WILLIAM SHAKESPEARE. Enrique V (The life of Henry the Fifth). Planeta. 98 páginas. Traducción de José María Valverde.
Una más de las obras en las que Shakespeare dramatizó la historia de Inglaterra, Enrique V es la lógica continuación de Enrique IV, en cuyo final el protagonista de esta obra se transformaba de joven díscolo en aplicado monarca. Se repiten personajes y situaciones de la anterior, y es de destacar que en Enrique V la presencia de Sir John Falstaff, uno de los grandes personajes shakespearianos, es elíptica. La enfermedad y la muerte de este caballero nos es narrada por sus amigos y conocidos mientras se prepara la campaña bélica en la que se sitúa el clímax de la obra.

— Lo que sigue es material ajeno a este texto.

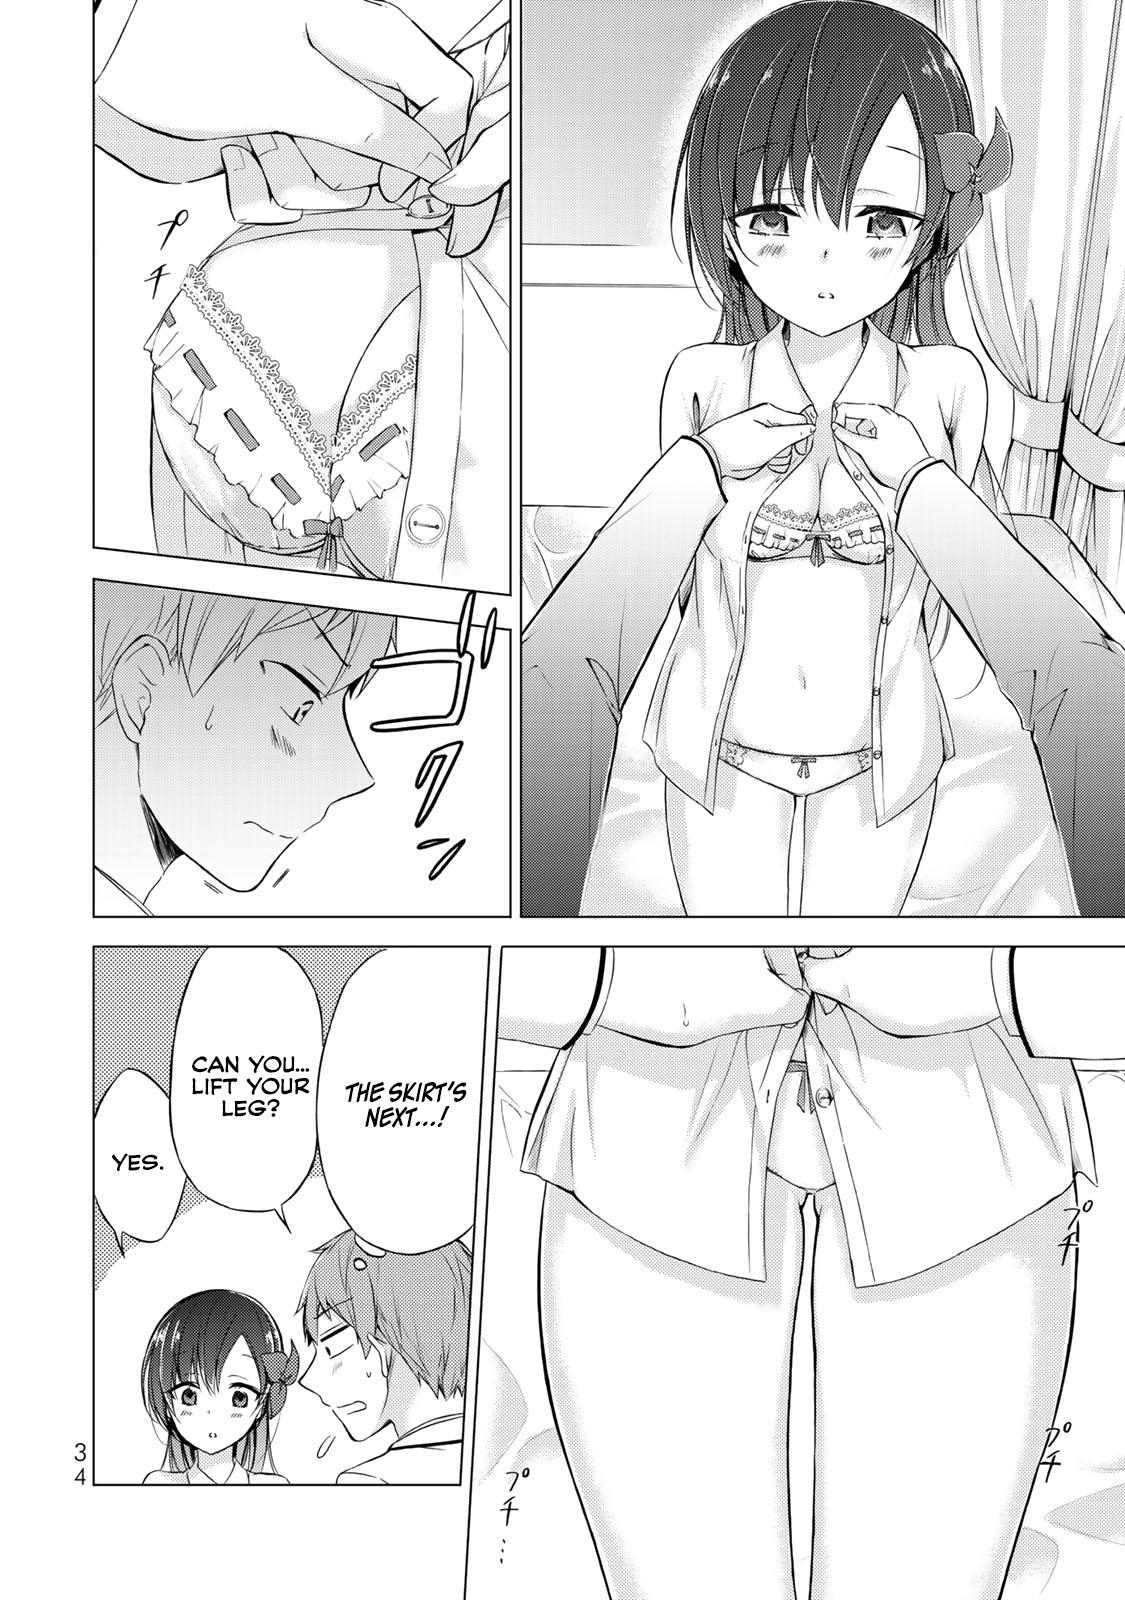 The Student Council President Solves Everything on the Bed Vol. 1 Ch. 1 The secret of the student council president

En mi opinión, lo mejor de Enrique V se encuentra en su escena inicial, en la que dos de los más poderosos miembros de la Iglesia conspiran respecto a cuál es la mejor manera de distraer al joven rey y con ello evitar la aprobación de una ley muy perjudicial para los intereses eclesiásticos. La solución está (cuántas veces maldad e inteligencia caminan juntas) en una de las debilidades humanas más frecuentes, la vanidad. Basta con convencer a Enrique de su legítimo derecho a ostentar la corona francesa (pasaje que se encuentra entre lo más plomizo de toda la obra shakespeariana, pero que sin embargo es del todo necesario para comprender la razón de los acontecimientos y su posterior desarrollo). El previsible (y muy despectivo) rechazo de los franceses, que se apoyan en la Ley Sálica, a semejante idea, desemboca en una campaña militar y en un derramamiento de sangre que, eso sí, evita que los intereses de la Iglesia se vean perjudicados. Es evidente lo mucho que Shakespeare educa y entretiene al lector atento.

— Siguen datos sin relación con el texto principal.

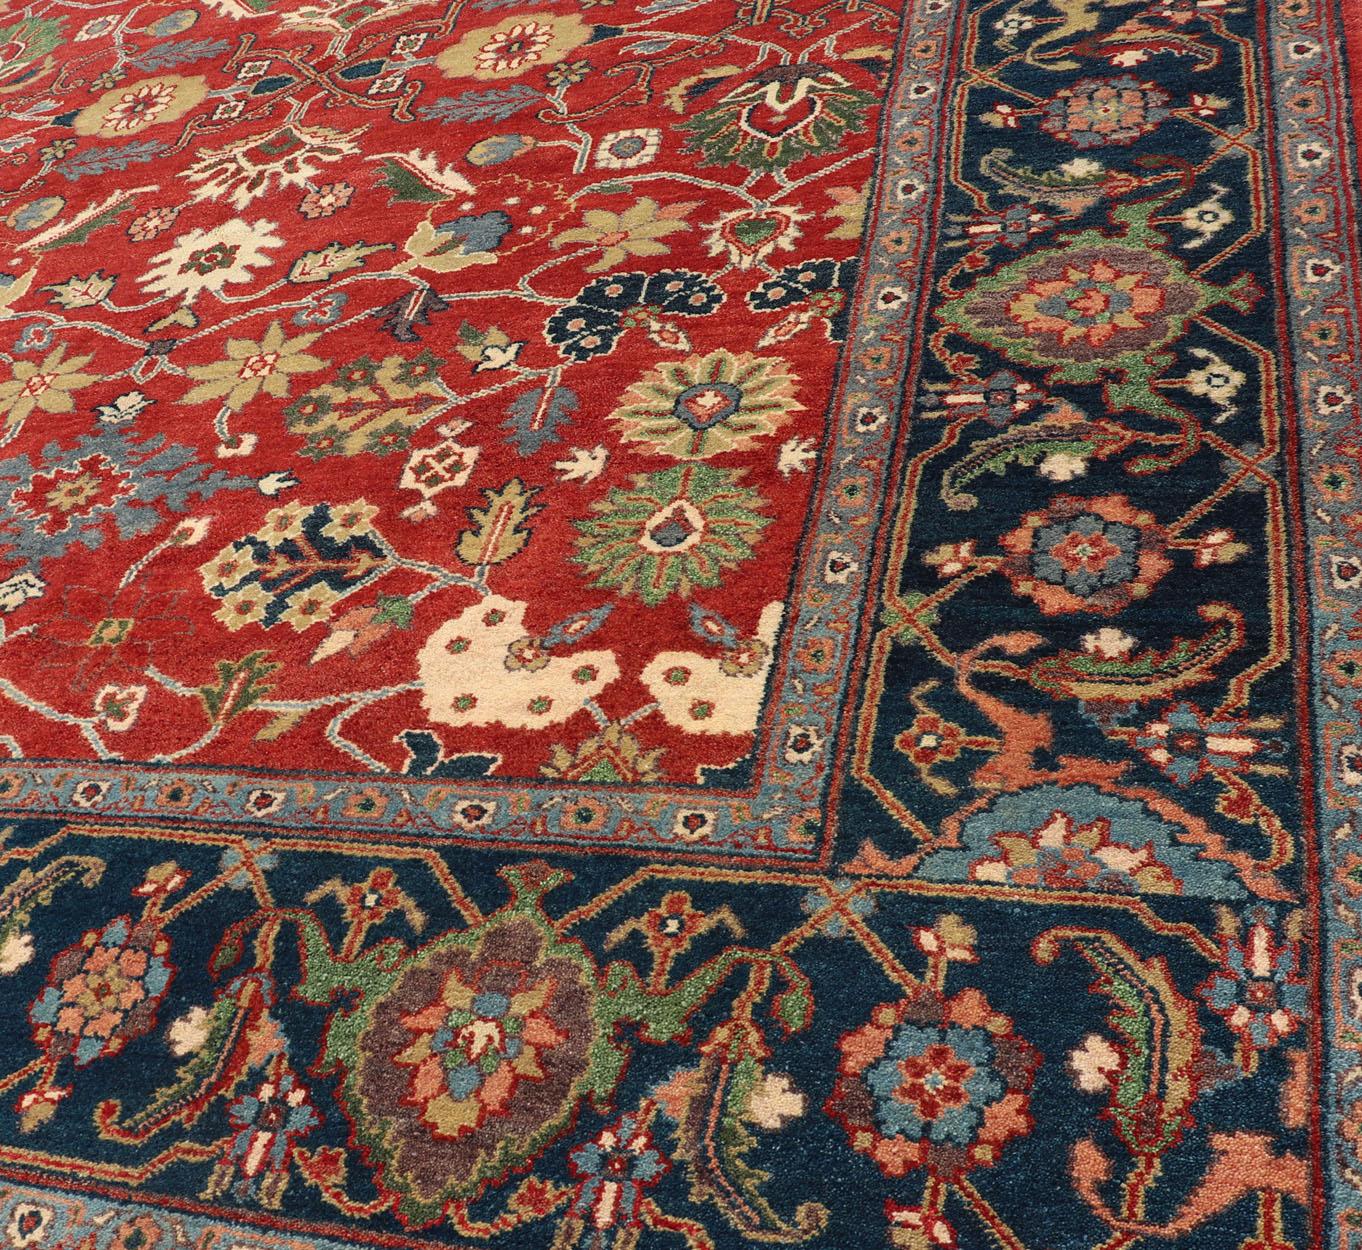 Reproduction Sultanabad-Mahal All-over Floral Hand-Knotted Carpet  5

El posterior devenir de la obra, que culmina en la victoria militar inglesa en Agincourt, no es precisamente flojo, pero tampoco la sitúa entre las mejores de su autor. Las incursiones en la comedia son frecuentes, jugándose muchas veces con los equívocos (en ocasiones, de marcado tinte sexual) entre las lenguas francesa e inglesa, al tiempo que se ponen en contraste los pensamientos de quienes crean el drama (monarcas y nobles) y quienes lo sufren (soldados y demás hombres del pueblo). Es brillante la escena en la que el rey, de incógnito y en vísperas de la gran batalla, se infiltra entre sus tropas para conocer las opiniones y el estado de ánimo de sus soldados. Las escenas palaciegas resultan, en general, menos convincentes, y pocas veces alcanzan la intensidad dramática de las de, por ejemplo, la recientemente reseñada Ricardo III. Con todo, es de admirar la capacidad de Shakespeare para explicar siempre, sin dejar de entretener, para penetrar en el alma de sus personajes y para crear diálogos llenos de ingenio. La acción, que abarca buena parte del reinado de un monarca de vida tan breve como intensa, se detiene en la ceremonia mediante la cual ambas monarquías pactan el enlace entre Enrique y Catalina o, lo que es lo mismo, la unión entre las naciones que se han batido en el campo de batalla, Unión que (ya nos lo anuncia el coro, que inaugura cada uno de los actos de la obra) no durará mucho, pues el siguiente rey inglés, Enrique VI, vivirá la pérdida de sus posesiones francesas y, con ella, el fin de la Guerra de los Cien Años. Todo eso queda, sin embargo, fuera de este drama que justifica una vez más la fama ganada por su autor.
Respecto de la traducción, uno discrepa de las soluciones escogidas por Valverde para intentar respetar los acentos de los personajes en el original (hacer hablar a un capitán galés con acento gallego, por ejemplo), si bien reconoce que cualquier solución al respecto no dejaría de ser un mal menor.